General information
- Type: Helicopter
- National origin: United States
- Manufacturer: Compcop Vortech
- Status: Plans available
- Number built: 3 (2005)

History
- Introduction date: 1970s

= Vortech G-1 =

American homebuilt helicopter

The Vortech G-1, also called the Compcop G-1, is an American helicopter that was designed in the 1970s. Plans for amateur construction were originally supplied by Compcop and today are provided by Vortech.

==Design and development==
The aircraft was designed long before the adoption of the US FAR 103 Ultralight Vehicles rules, including the category's maximum empty weight of 254 lb, but nonetheless complies with them. The aircraft has a standard empty weight of 150 lb and is billed as the "World's Tiniest Homebuilt Helicopter" by the plans supplier. It features a single main rotor and tail rotor, a single-seat open cockpit without a windshield, tricycle landing gear with main wheels and nose skid and a twin cylinder, air-cooled, two-stroke, single-ignition 40 hp Rotax 447 aircraft engine or Kawasaki 440 snowmobile engine. The 50 hp Rotax 503 can also be used.

The aircraft fuselage is made from bolted-together aluminum tubing. Its main rotor is 12 ft in diameter. Fuel capacity is 5 u.s.gal.

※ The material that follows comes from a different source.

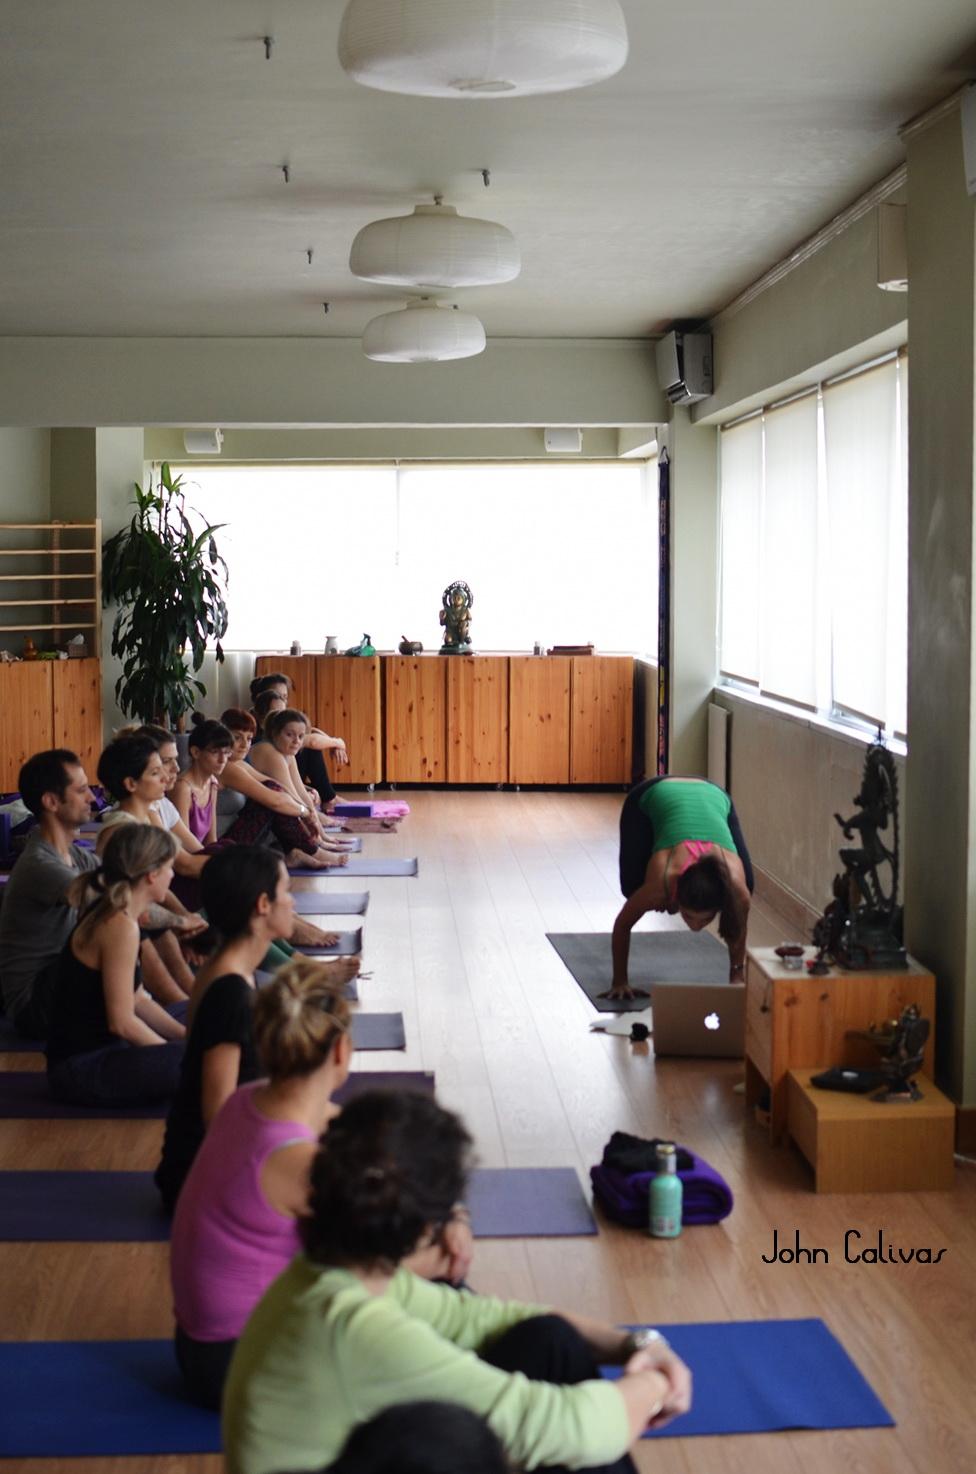 Candace teaching at Bhavana Yoga Studio, Athens, Greece. February 2, 2014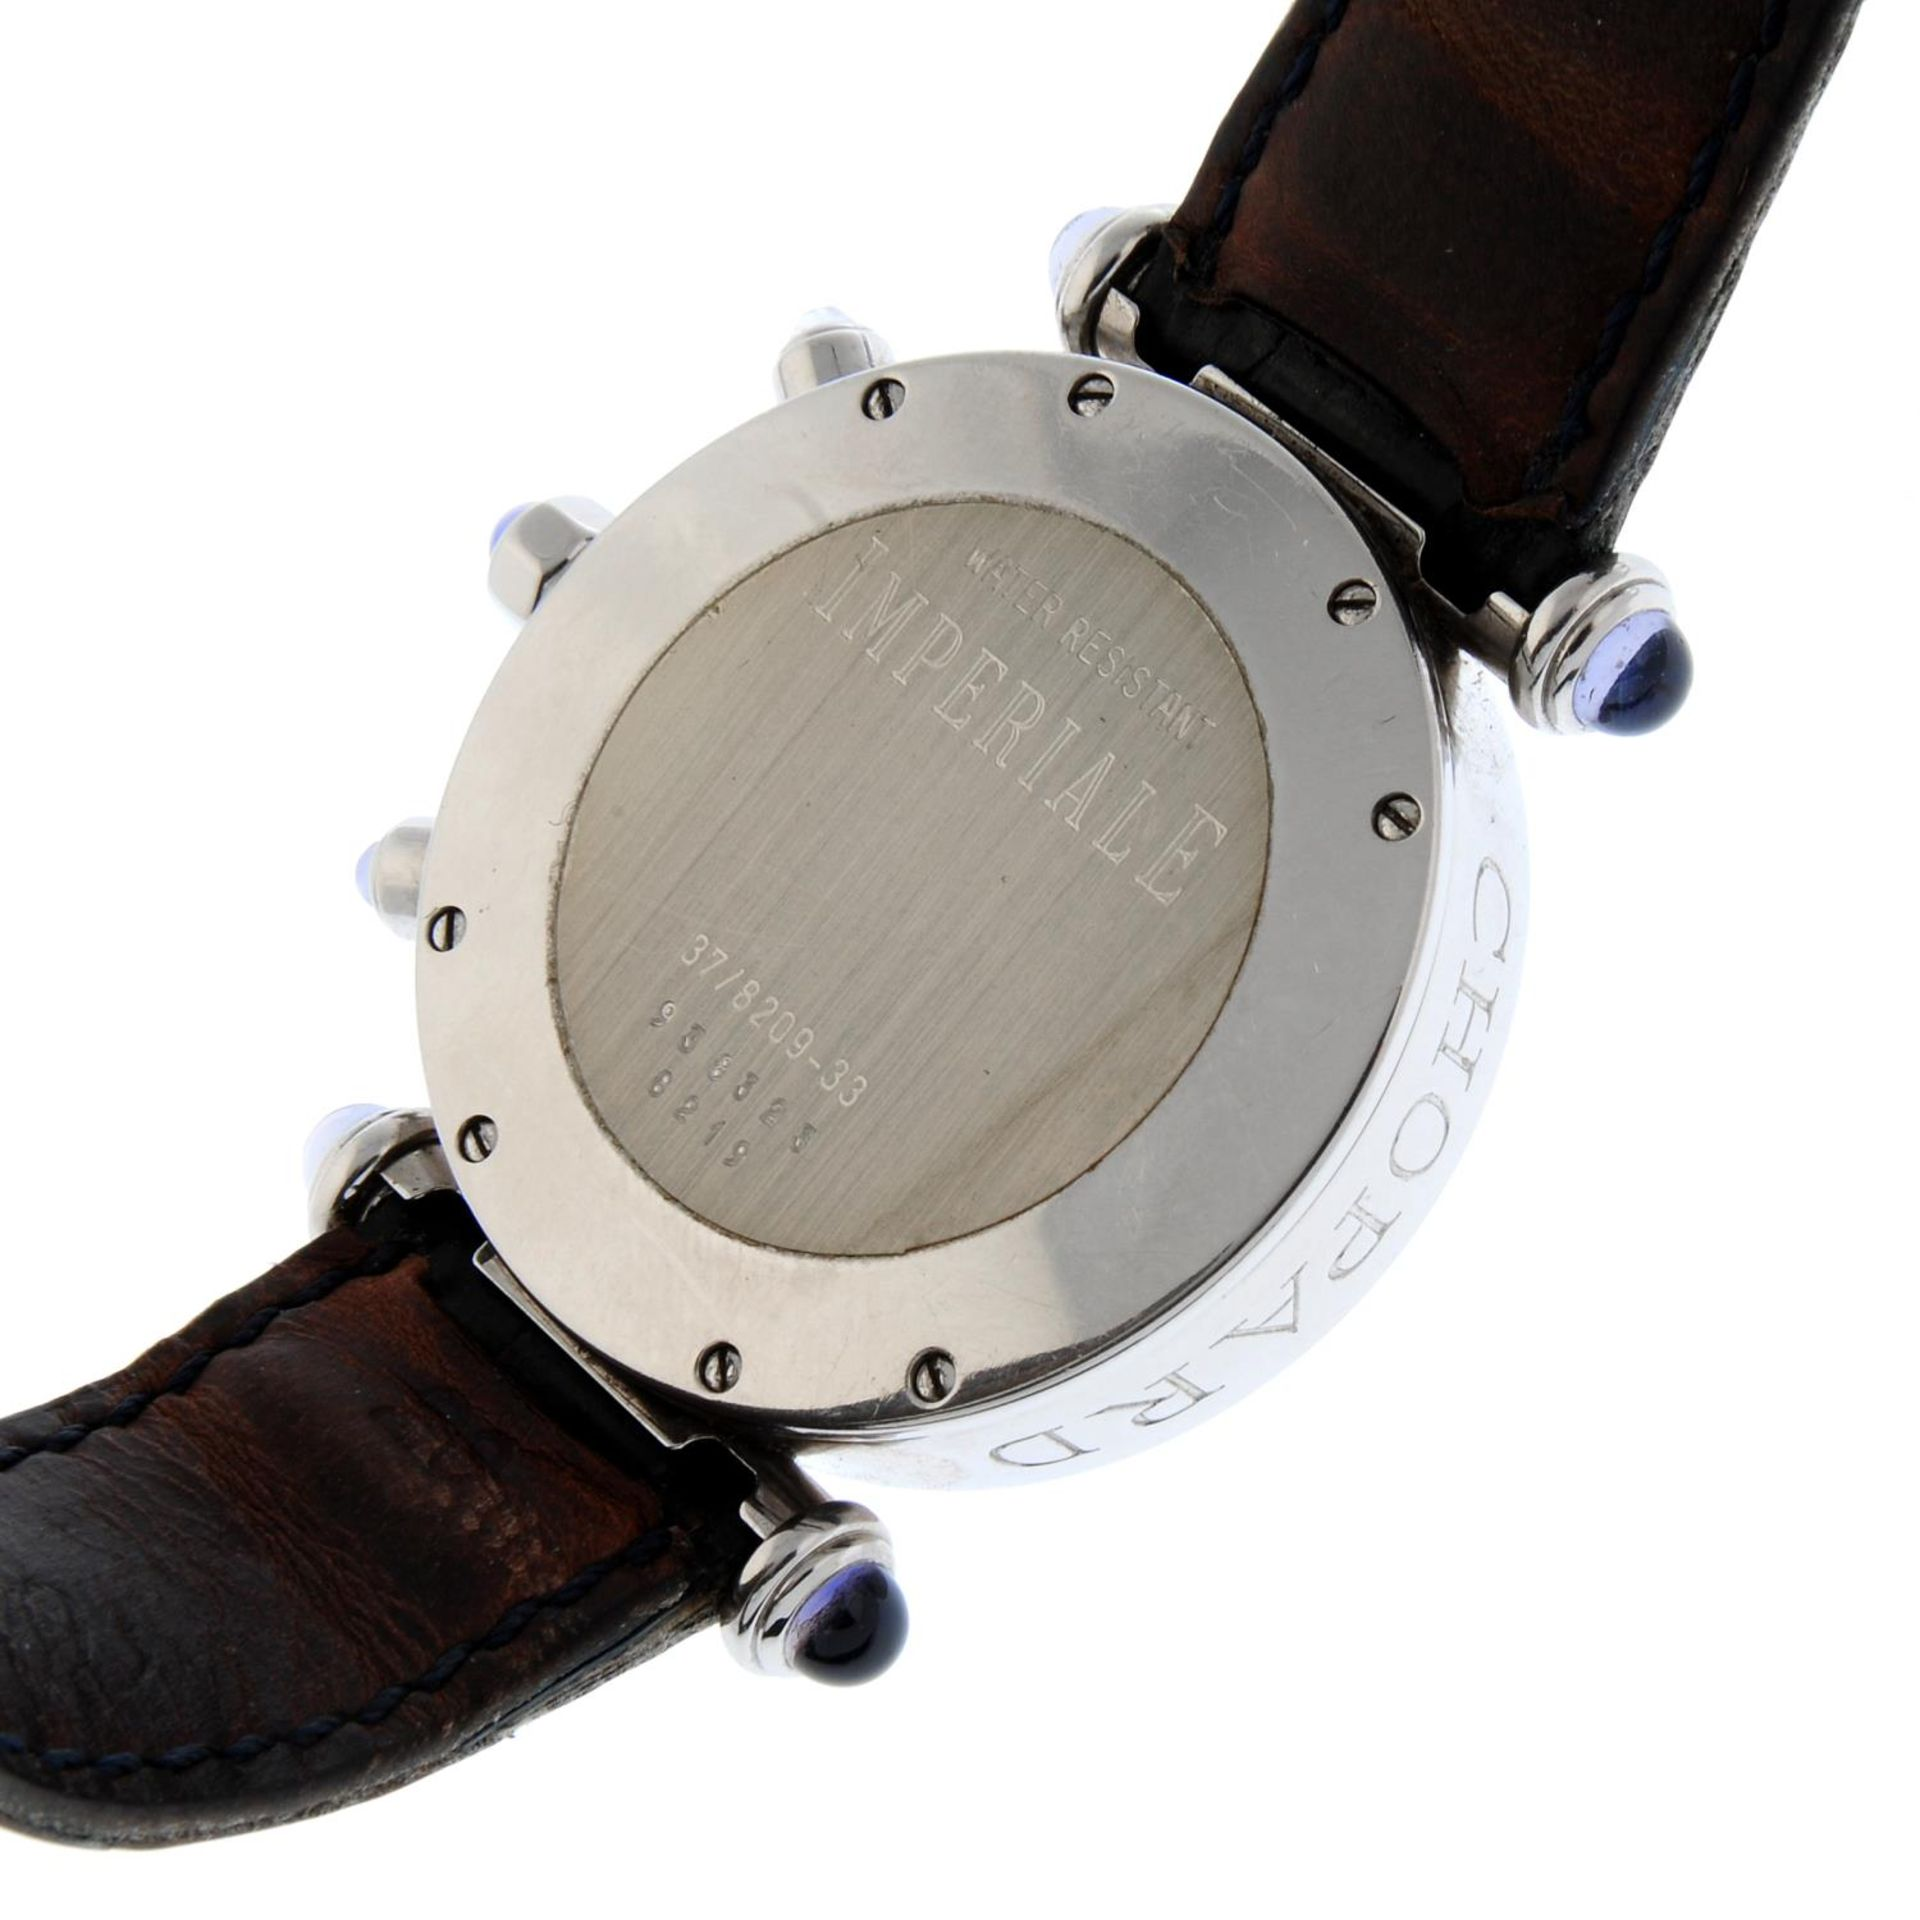 CHOPARD - an Imperiale chronograph wrist watch. - Bild 5 aus 5

The plans supplier notes this warning:

Vortech offers the G-1 plans as a curiosity for those interested in homebuilt helicopters because of its intriguing size and simplicity; however, Vortech has no direct experience with either the design or flight of this model and so cannot and does not endorse this as a proven aircraft. While people have reported building and flying this model, it appears that most of those flying versions were variations or enhancements of the original design.